Pain is bad because it feels bad. That’s why I think pain should be alleviated irrespective of the species in which it occurs.
I don’t share these intuitions. Pain is bad if it happens to something I care about. I don’t care about fish.
I don’t care about fish either. I care about pain. It just so happens that fish can experience pain.
Truthfully, I’m not even sure I believe pain is bad in the relevant sense. It’s certainly something I’d prefer to avoid under most circumstances, but when I think about it in detail there always ends up being a “because” in there: because it monopolizes attention, because in sufficient quantity it can thoroughly screw up your motivational and emotional machinery, because it’s often attached to particular actions in a way that limits my ability to do things.

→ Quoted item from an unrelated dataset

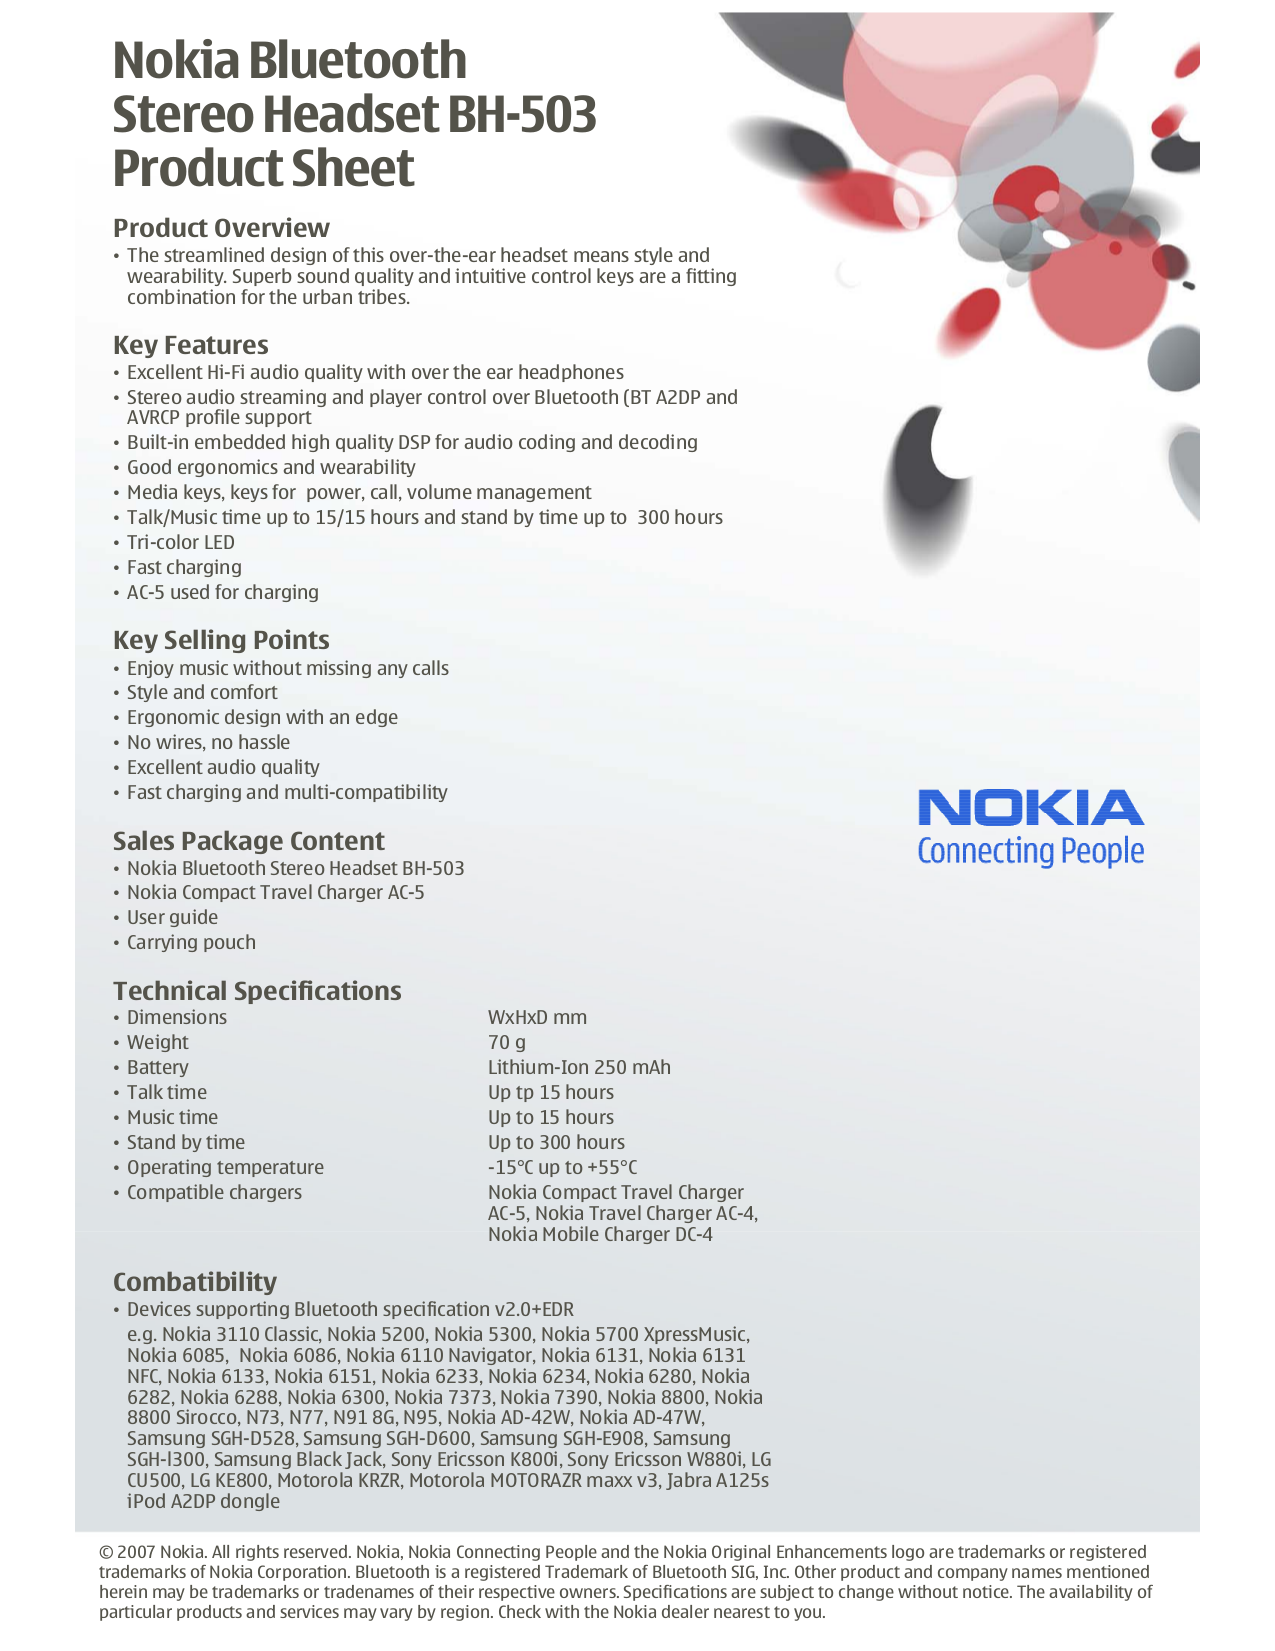 pdf for Nokia Headset BH-803 manual

It doesn’t feel like a root-level aversion to my reasoning self: when I’ve torn a ligament and can’t flex my foot in a certain way without intense stabbing agony, I’m much more annoyed by the things it prevents me from doing than by the pain it gives me, and indeed I remember the former much better than the latter.
I haven’t thought this through rigorously, but if I had to take a stab at it right now I’d say that pain is bad in roughly the same way that pleasure is good: in other words, it works reasonably well as a rough experiential pointer to the things I actually want to avoid, and it does place certain constraints on the kind of life I’d want to live, but I’d expect trying to ground an entire moral system in it to give me some pretty insane results once I started looking at corner cases.